One of the most physically gifted athletes in our game, it’s no secret who running back Derrick Henry is and what he’s capable of each time he touches the football. An overpowering blend of herculean strength and speed, while injury hampered his impact last fall, he enters 2022 primed to not only eclipse the 1,000-yard mark for the fourth time in his career but once again prove to be the catalyst for the Tennessee Titans offense.
Behind him, however, is where questions arise as Dontrell Hilliard and first-year talent Hassan Haskins are set to compete for the primary backup role in camp. A position of the utmost importance within a Titans offense that looks to ground and pound their way to victories, making the case for both Hillard and Haskins as Henry’s back-up presents two intriguing ball-carriers that should play themselves into substantial carries in 2022.
The Case For Hassan Haskins
An impressively constructed talent at 6-foot-2 and 228 pounds, you can see why General Manager Jon Robinson was so high on the former Michigan back as another physical downhill runner to pair with Henry. Blessed with an NFL frame, while the power back has room to grow in his functional ability between the tackles when met with athletically inferior linebackers, he’s a tough, hard-nosed runner with surprising athleticism in the open field, where he’s proven to run through, around, and over defenders to reach open grass.
While he and 2023 draft-eligible talent Blake Corum shared the workload for Jim Harbaugh’s Wolverines last fall, the transition to the pro game—where he will share carries with Henry—should present a seamless transition in year one. Although it’ll take time to adjust to both the physical nature and the speed of the pro game, Haskins possesses an intriguing array of traits that should make Titans Head Coach Mike Vrabel feel comfortable enough to hand him the ball early this fall.
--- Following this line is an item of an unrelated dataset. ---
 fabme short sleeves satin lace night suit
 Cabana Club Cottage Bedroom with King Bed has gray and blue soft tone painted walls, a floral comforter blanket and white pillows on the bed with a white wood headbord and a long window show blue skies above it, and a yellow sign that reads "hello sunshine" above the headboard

The Case For Dontrell Hilliard
Henry’s primary backup during offseason workouts this spring, it looks as if Hilliard has the upper leg on Haskins as we approach camp. After averaging a gaudy 6.3 yards per carry on 56 attempts last fall, while Hilliard—sub-6-foot and a tick over 200 pounds—would provide more of a lightning to Henry’s thunder this fall, that change of pace would present a unique dynamic to counter for opposing defenses. A special teams contributor as well in eight games, there isn’t much Hilliard can’t do.
For someone who popped at times throughout his five starts in Henry’s absence, in a ‘what have you done for me lately’ league, Hilliard’s success sits fresh in the mind of Vrabel, and the RB2 role looks like his to lose. From entering the league as a UDFA to spending time on the practice squad to backing up D’Onta Foreman in spurts last season, Hilliard is much more than a feel-good story and is someone Tennessee could rely on heavily once again if *knock on wood* Derrick Henry spends any amount of time on the shelf.